I believe you can become arrogant by getting used to being the smartest person in the room (or believing you are), noticing the times you readily had insights that others lack, etc.. Confirmation bias plays in, too, since as soon as you start to conceive of yourself as knowing, unless you try very hard not to, you'll take more note of events that confirm your self-assessment than that disconfirm it.

As others have noted, arrogance as described here is closely akin to the vice of pride (which is opposed to the virtue of humility). The main distinction I would draw is that arrogance to me has a stronger social aspect--a particular way of presenting oneself, born from pride. Pride itself is a spiritual state and could (at least hypothetically) pass unnoticed if you were also good at hiding it.

I referred to confidence-out-of-proportion, and I think I stick with that. To my mind, a person who exhibits rational confidence in their judgement is not arrogant by definition, even if that confidence is (correctly) very high. But arrogance isn't the only way to go wrong. E.g., a software BDFL may be a jerk even if he's not arrogant, and someone who confidently makes a decision they had authority to make without consulting someone who would rather have been consulted isn't arrogant either, but may none the less have committed a faux pas. Both may be incorrectly perceived as or called arrogant.




" a strident confidence in one's judgement about some matter that's out of proportion to one's actual knowledge and experience."

vs.

"childish optimism that one can take on any challenge."

So is age the only differentiating criterion?

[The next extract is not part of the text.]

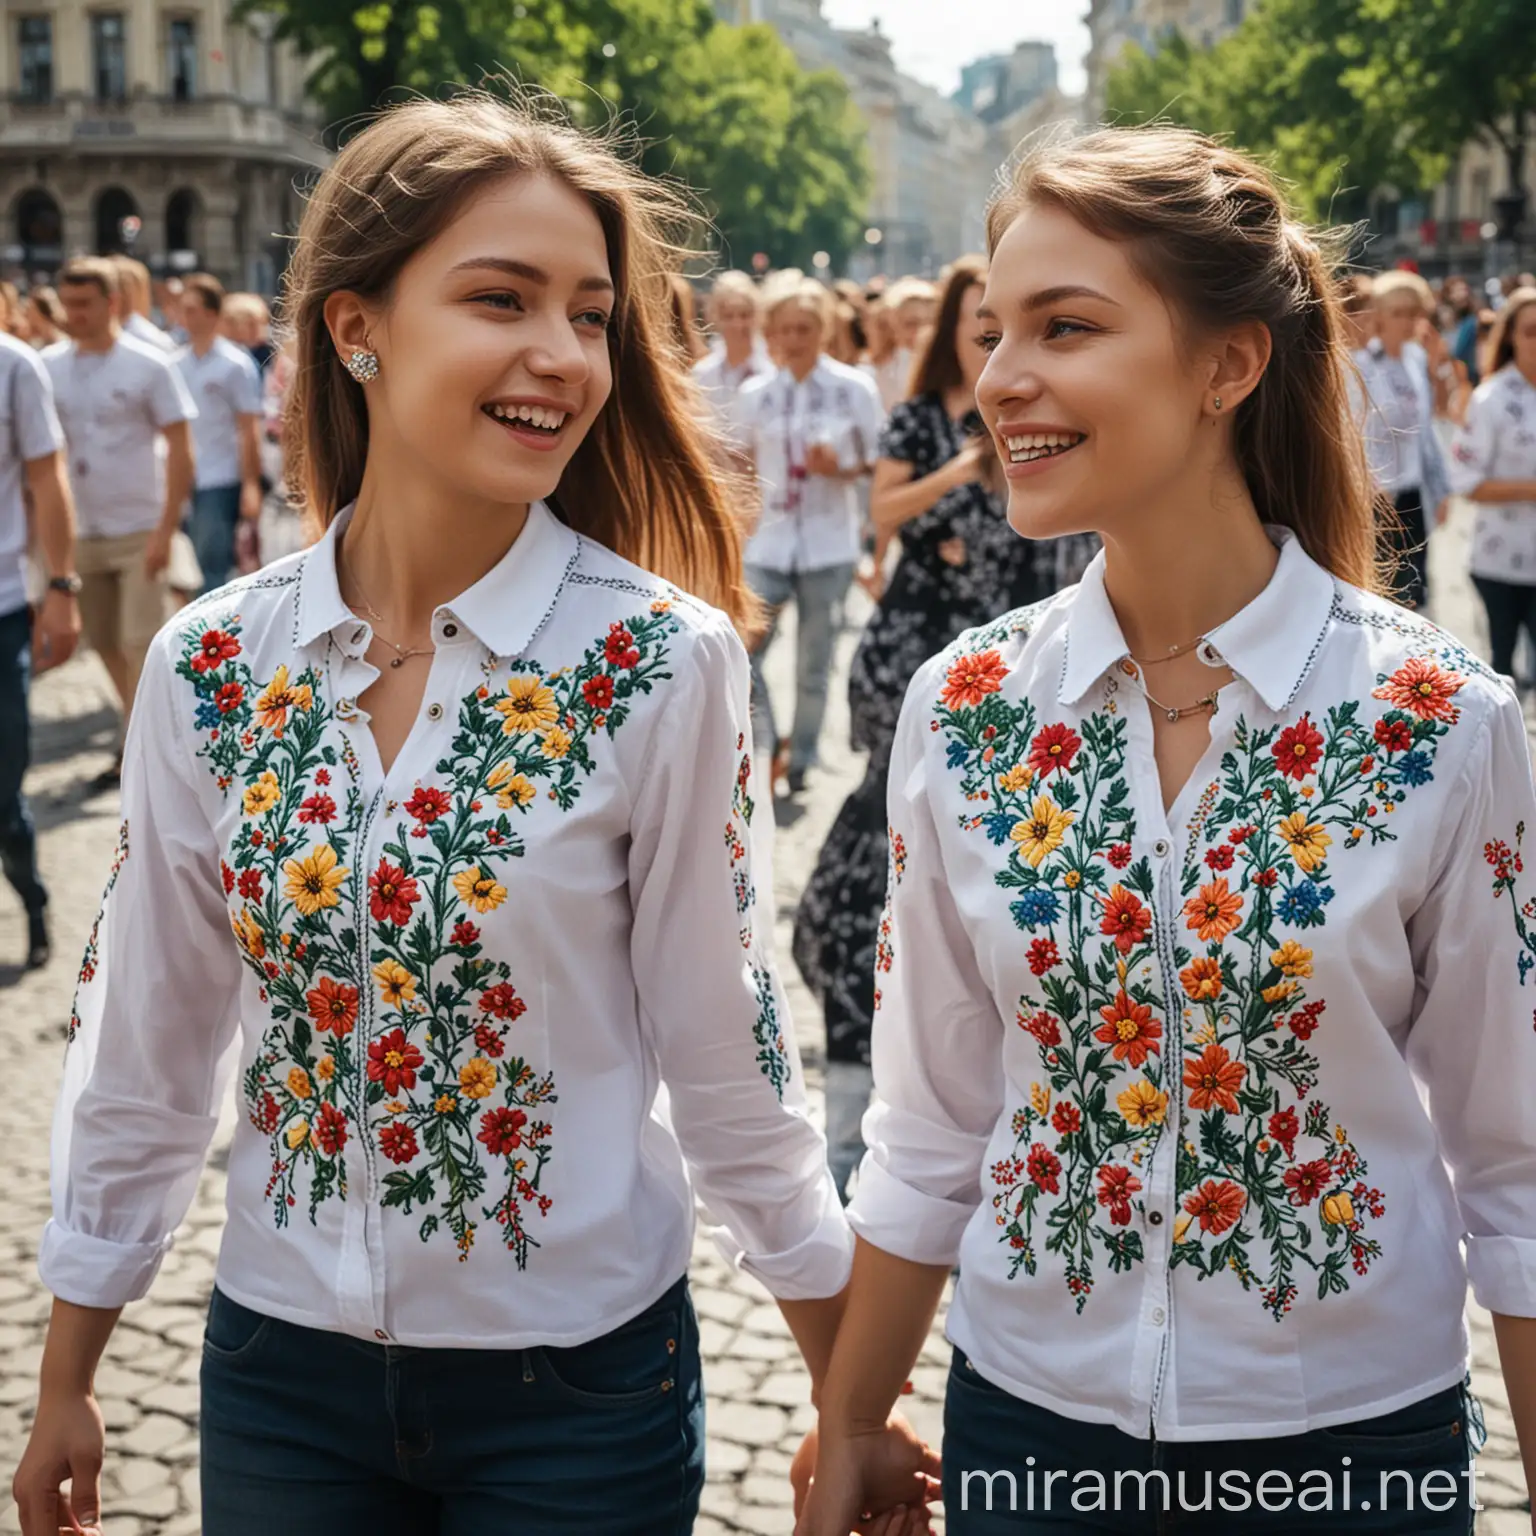 Cheerful Ukrainians in Traditional Embroidered Shirts Stroll Along Khreshchatyk with Flowers

No. There's an important difference in tone or attitude and also in content. "I have little to nothing to learn about/from this" vs "I can [will be able to] do this". Kids can be arrogant and they can be childishly optimistic. Programmers are notoriously optimistic about our ability to quickly solve problems, but even where it's not arrogance (as I think it's usually not) I wouldn't usually call it childish optimism since (1) it has lost it's charm since more is usually at stake and (2) we expect people to grow up and do better than they did when they were nine.